Your job is to return the whole listing unchanged while skipping its images.
*** Opening of Data extract ***
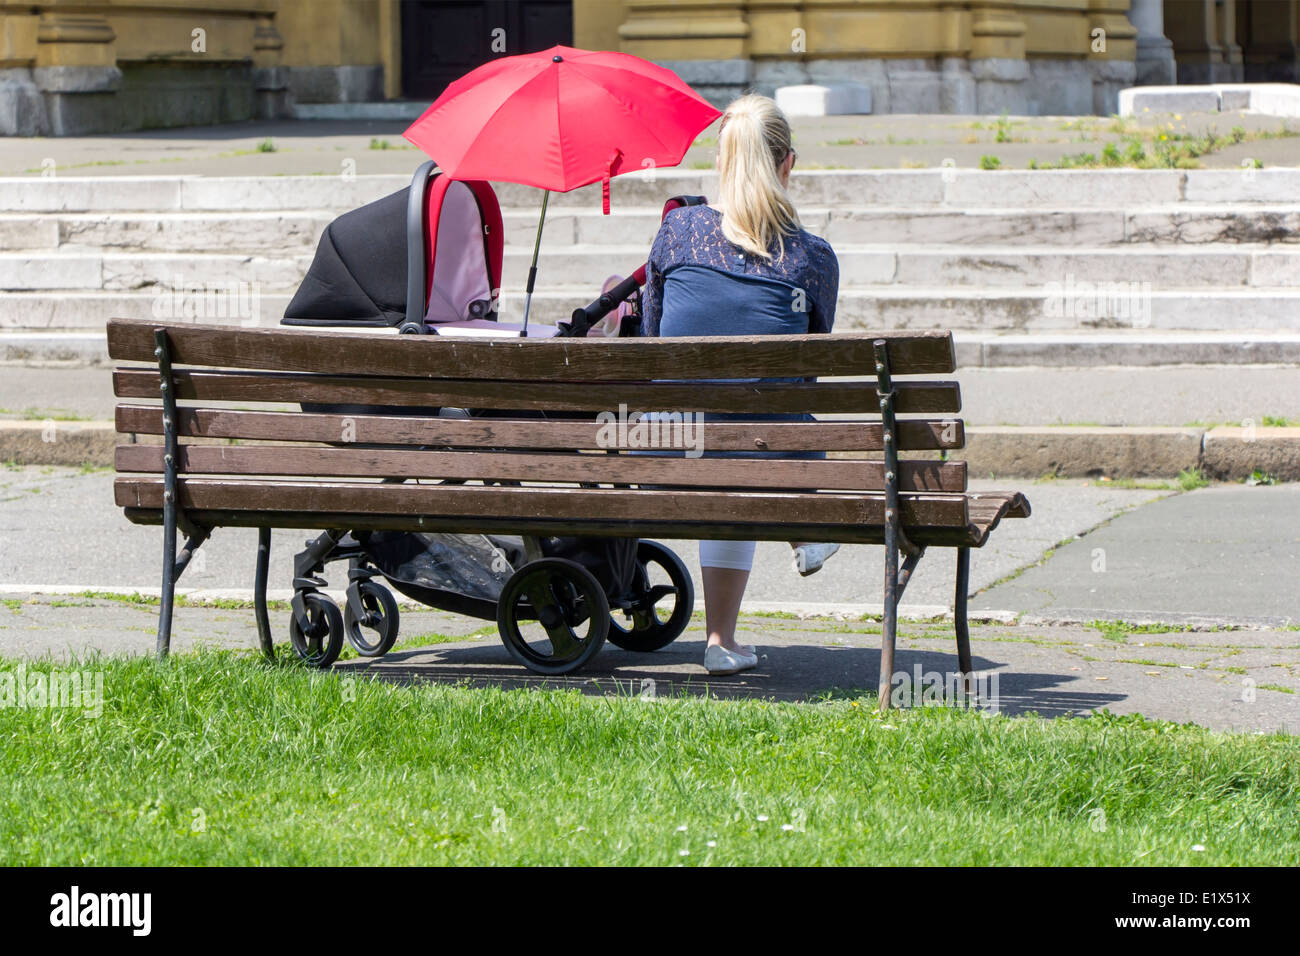 Mothers and baby in stroller, sitting on bench Stock Photo
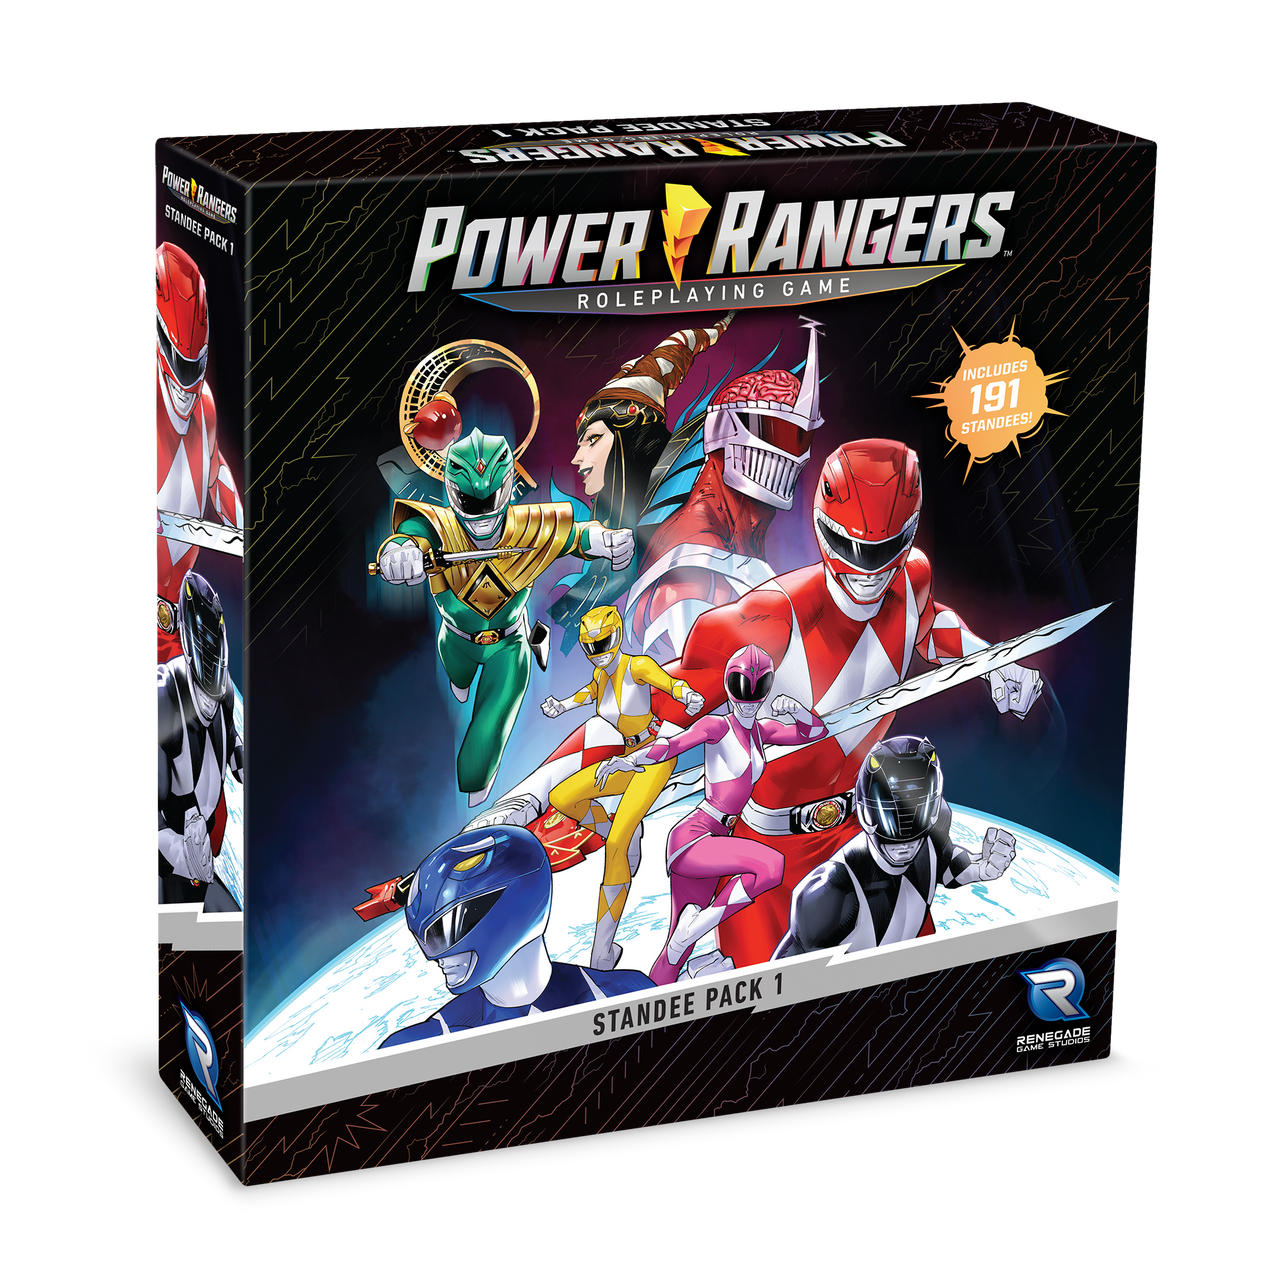 Announcing Day of Destiny - A Power Rangers Roleplaying Game Actual Play! -  Renegade Game Studios
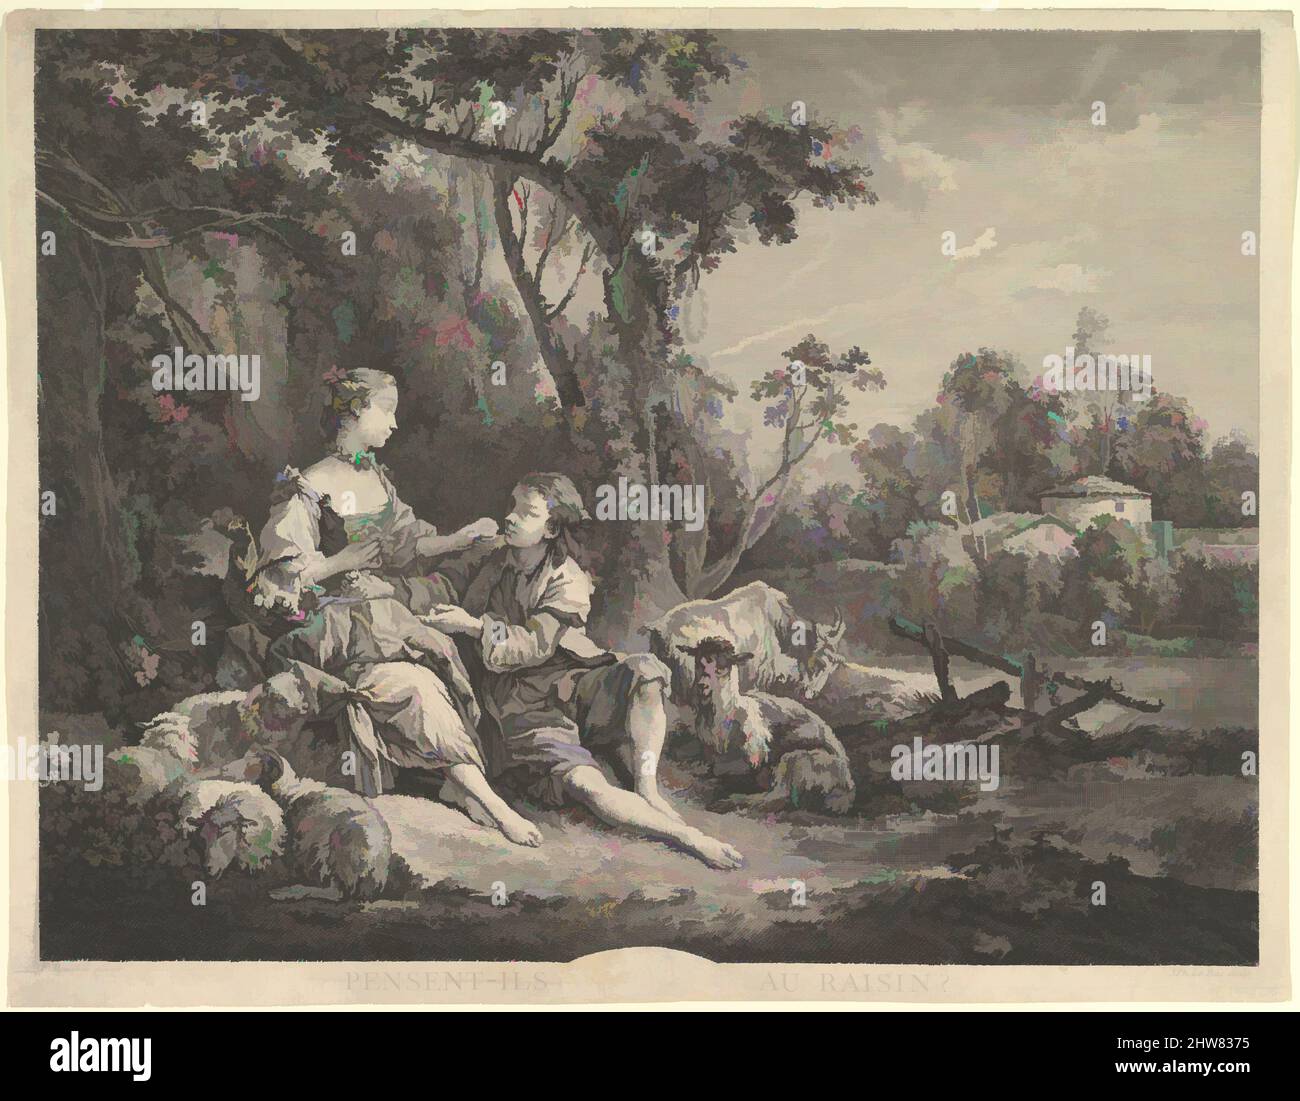 Art inspired by Pensant-ils au Raisin? (Are They Thinking About the Grape?), 18th century, Etching and engraving, Sheet: 14 1/8 x 18 1/8 in. (35.8 x 46 cm), Prints, Jacques Philippe Le Bas (French, Paris 1707–1783 Paris), After François Boucher (French, Paris 1703–1770 Paris, Classic works modernized by Artotop with a splash of modernity. Shapes, color and value, eye-catching visual impact on art. Emotions through freedom of artworks in a contemporary way. A timeless message pursuing a wildly creative new direction. Artists turning to the digital medium and creating the Artotop NFT Stock Photo
*** Close of Data extract ***
Answer below:
 Mothers and baby in stroller, sitting on bench Stock Photo
 Announcing Day of Destiny - A Power Rangers Roleplaying Game Actual Play! -  Renegade Game Studios
 Art inspired by Pensant-ils au Raisin? (Are They Thinking About the Grape?), 18th century, Etching and engraving, Sheet: 14 1/8 x 18 1/8 in. (35.8 x 46 cm), Prints, Jacques Philippe Le Bas (French, Paris 1707–1783 Paris), After François Boucher (French, Paris 1703–1770 Paris, Classic works modernized by Artotop with a splash of modernity. Shapes, color and value, eye-catching visual impact on art. Emotions through freedom of artworks in a contemporary way. A timeless message pursuing a wildly creative new direction. Artists turning to the digital medium and creating the Artotop NFT Stock Photo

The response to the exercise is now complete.